Beata Beatrix |
Frame: Its general design replicates the frame of the original painting, except, of course, for the fact that this is in two parts, with the frame separating the main picture from the predella bearing a small plaque with the picture's title. The symbolical roundels are the same, except that there are two at the bottom. The top of the frame bears two inscriptions: Jun: Die 9: ANNO 1290 QUOMODO SEDET SOLA CIVITAS! There is another inscription below the predella: MART. DIE 31 ANNO 1300, Veni Sponsa di Libano.
This is a painting that DGR grew to care for, after a fairly prolonged unhappiness with a work he had begun simply for money. In all conceptual and iconographical matters the painting differs very little from the original, except that the added predella thickens both the Dantescan motifs and the autobiographical significance of the subject.

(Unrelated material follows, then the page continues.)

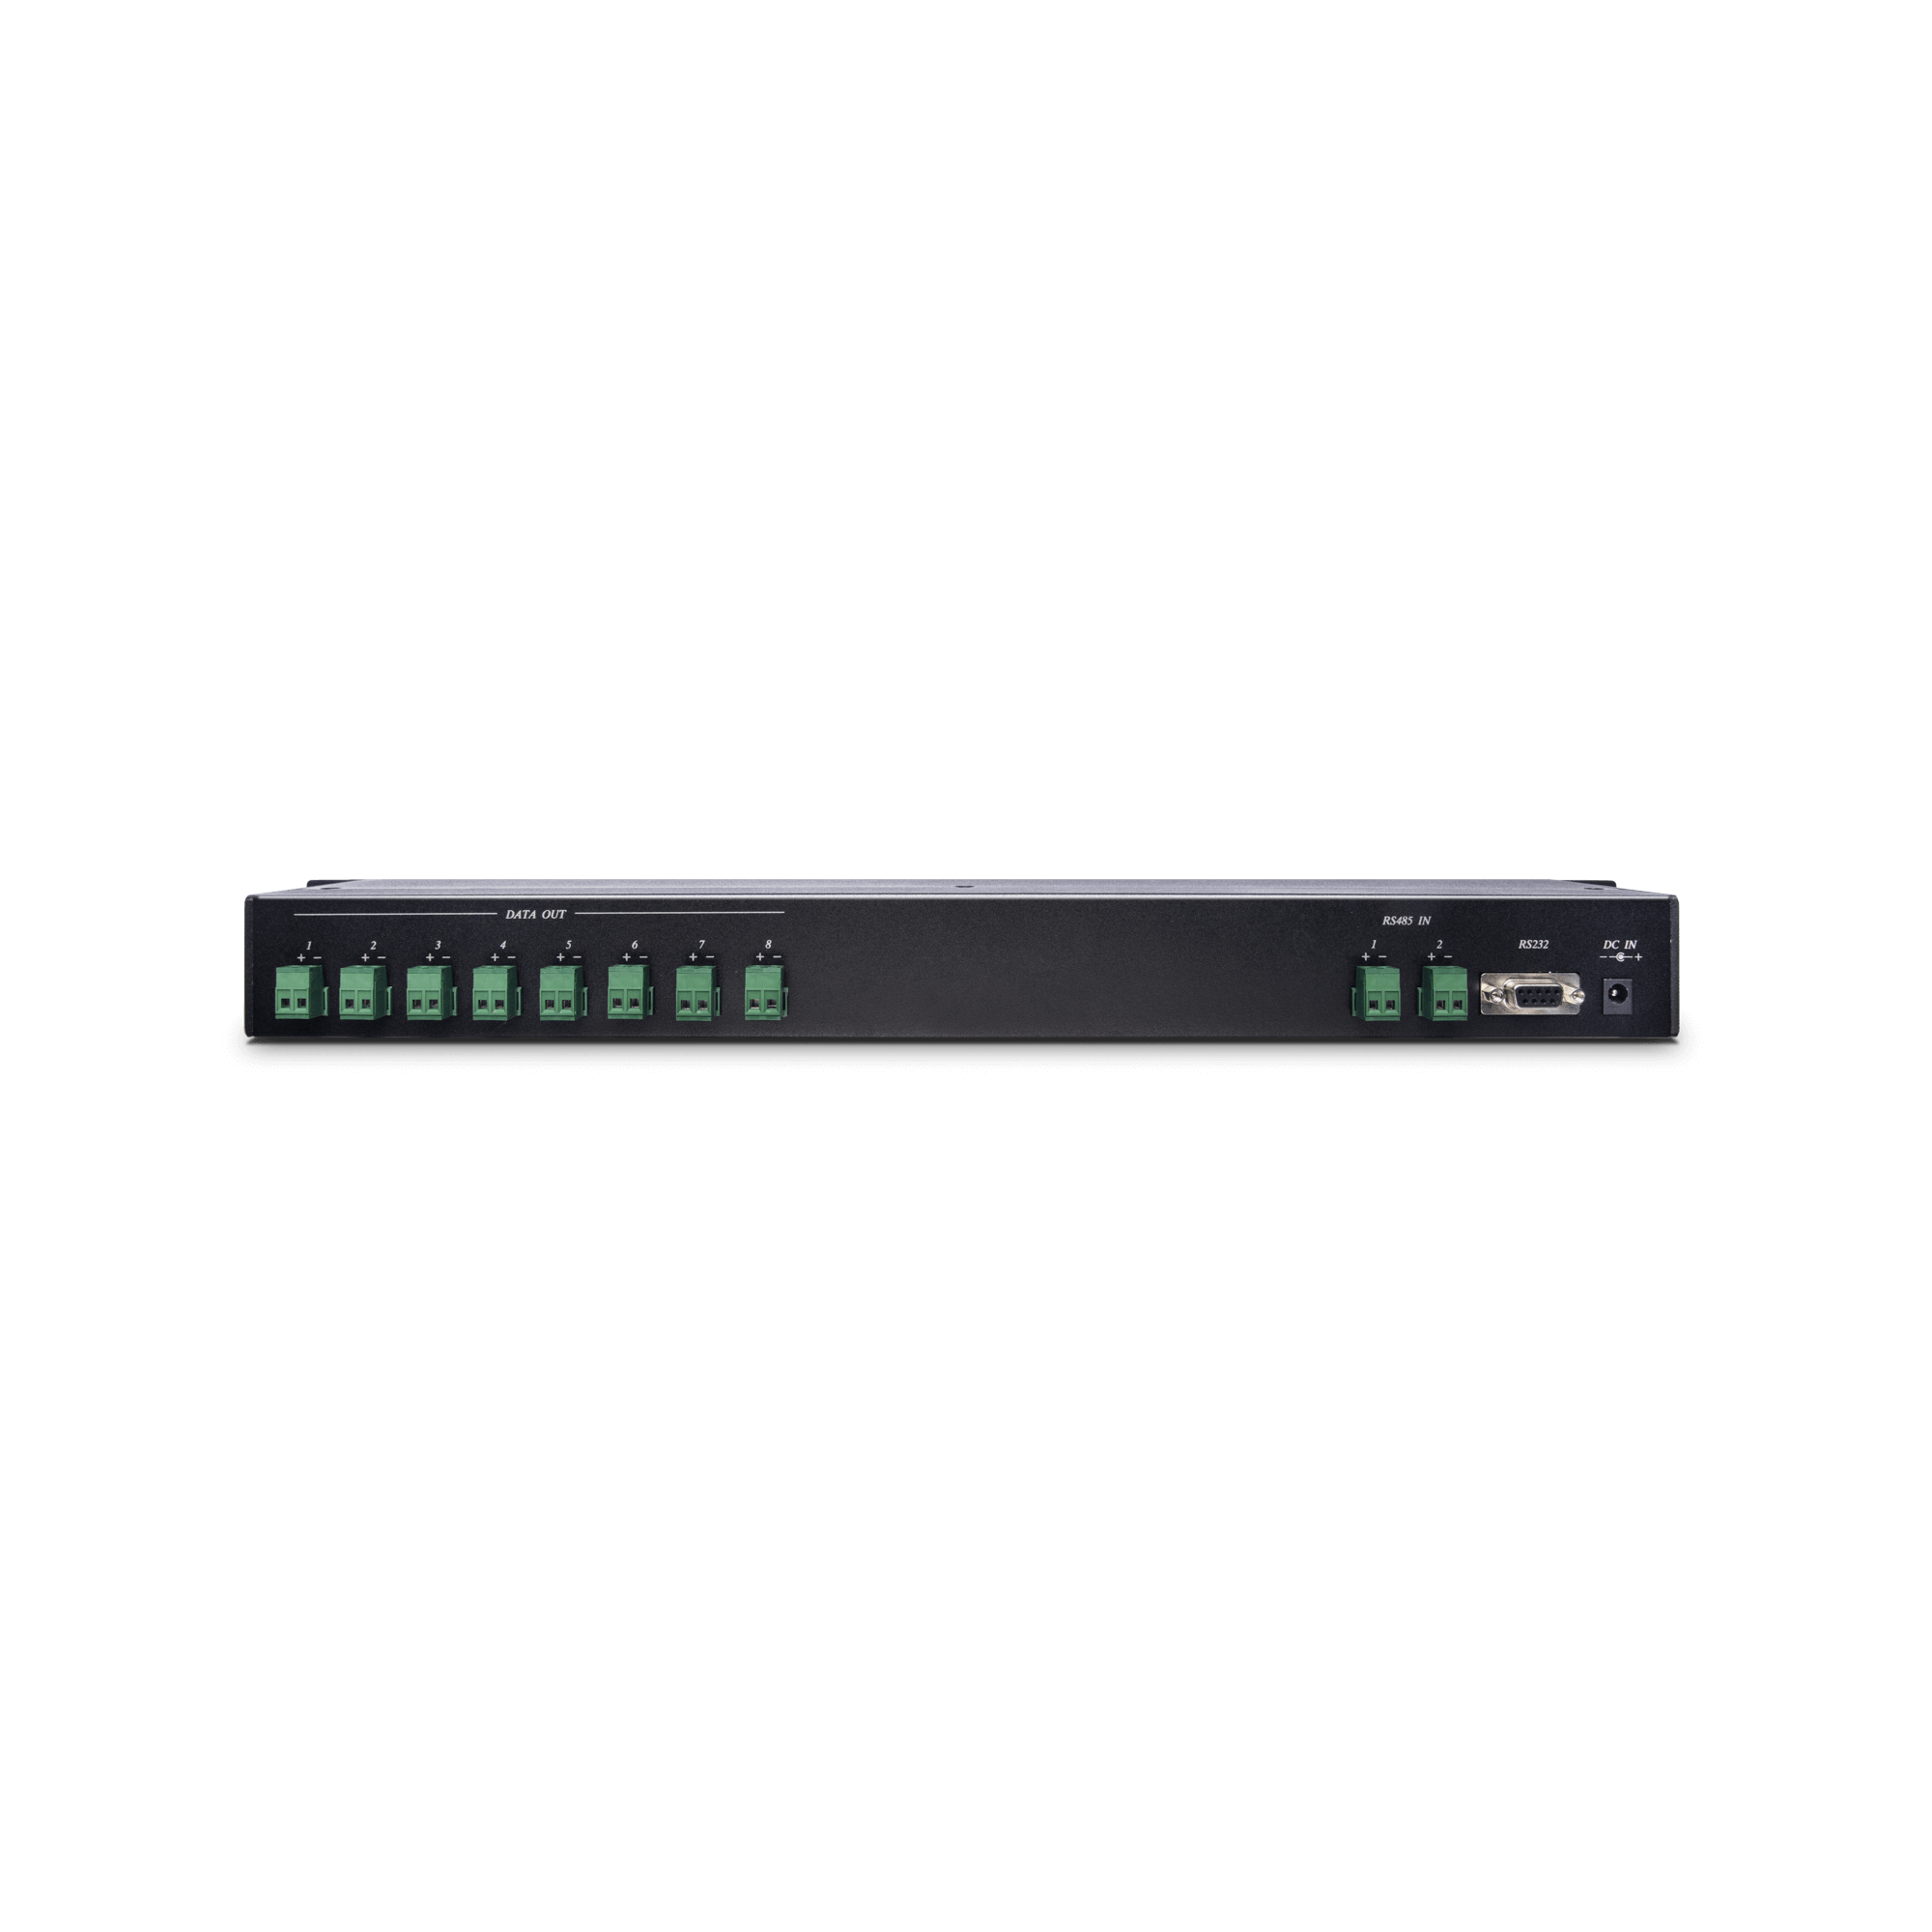 1 x 8 RS485 Serial Data Distributor in 1U Rack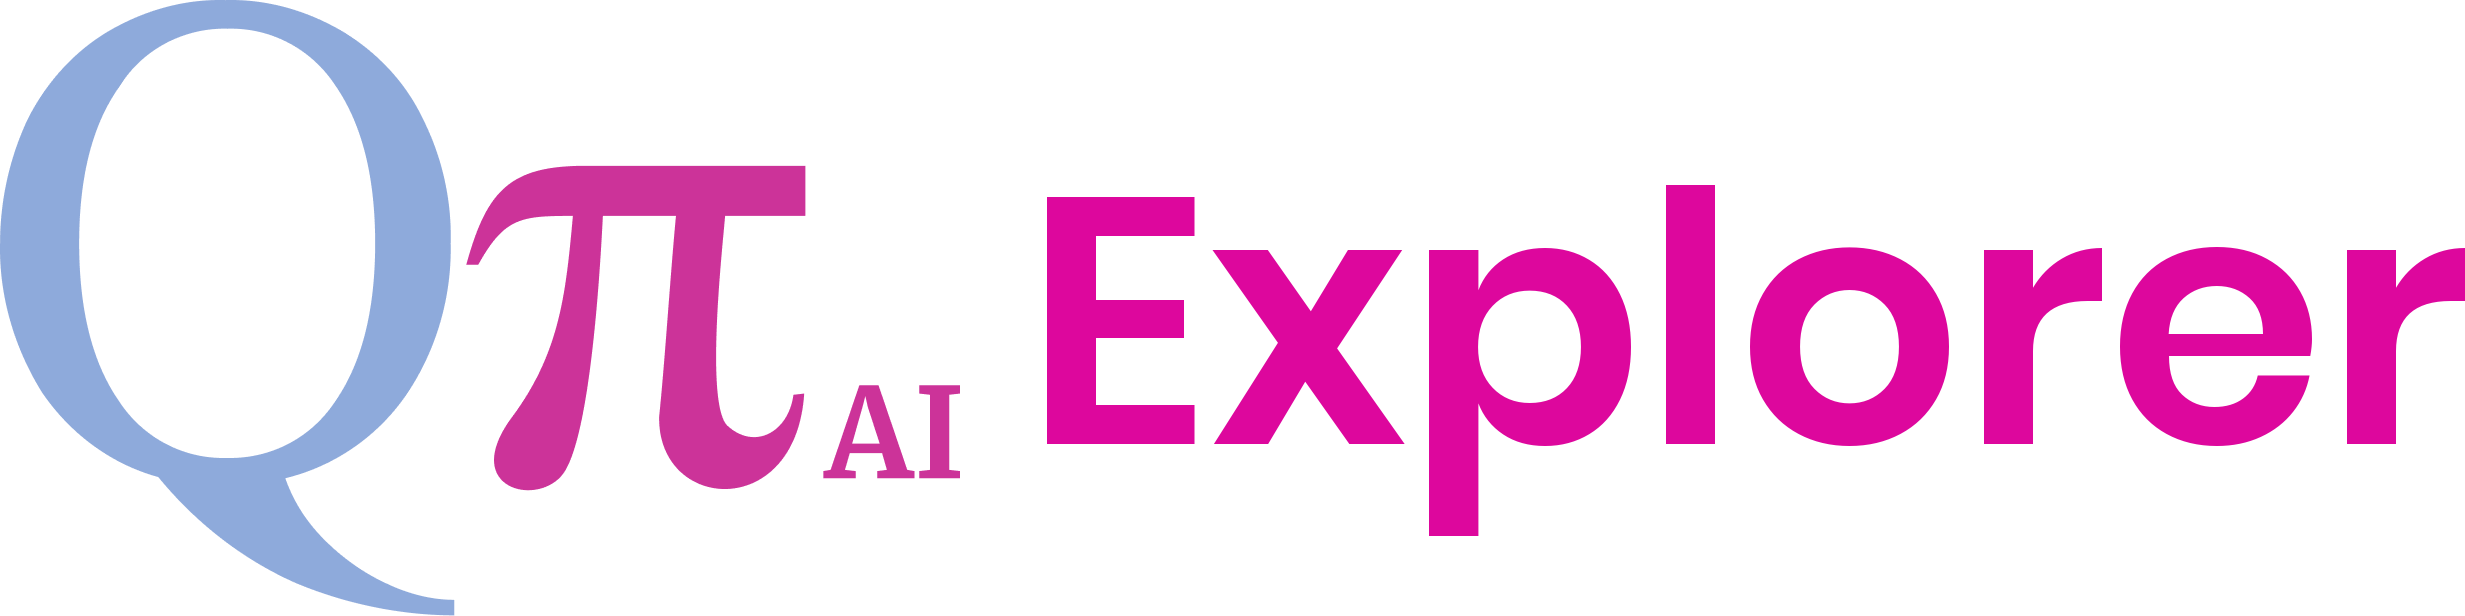 QpiAI Explorer

Technically, however, the work is very different indeed, as one can see most immediately if the background areas of the original are compared with this work. Here everything is articulated with much greater precision: the figures of Dante and Eros; their respectively attendant symbolic accessories (the well, symbolizing rebirth and the New Life that Beatrice is dreaming toward; and the Arbor Vitae ornamenting the backspace of Eros); and the distant cityscape architecture of Florence. In one sense the increased definition seems to give greater realism to the picture. But in another and even more telling way the symbolic resonance is increased. That effect comes about because of the way DGR has sharply defined the presence of a field of golden light. In the original painting DGR gives Beatrice an aureole (like the figure of Love) via a witty manipulation of a gold color field that instantiates nature and supernature simultaneously. Here her glory spreads across the entire left two-thirds of the picture, and even appears to hollow out by the power of its lightening the otherwise planar structure of the background areas. The result is not at all to produce a kind of realistic depth recession, though it could be read that way; rather, the gold light comes to seem an extension of Beatrice's person, a flooding glory that rhymes with the darker gold flesh of her tranced face and folded hands.
So here DGR slightly alters the focus of the ideality he first pursued in the original work. In this painting the ideal is clearly centered in the face of Beatrice; and in this painting that face has been drawn somewhat further away from the face of the artist's dead wife toward a more abstract form.
This is a far more dynamic picture than the original. This picture's energy clearly runs along three disharmonic diagonal lines of force: the lines defined by the arm of the sundial, the line joining the dove to the figure of Love, and the line of Beatrice's right arm. In each case symbolic relations are being drawn in reds and golds.
The formal balance between the main picture and the predella is neatly done: the three figures of the former have their equivalents in the latter (with Love being replaced by the train of Beatricean women) in a mirrored arrangement.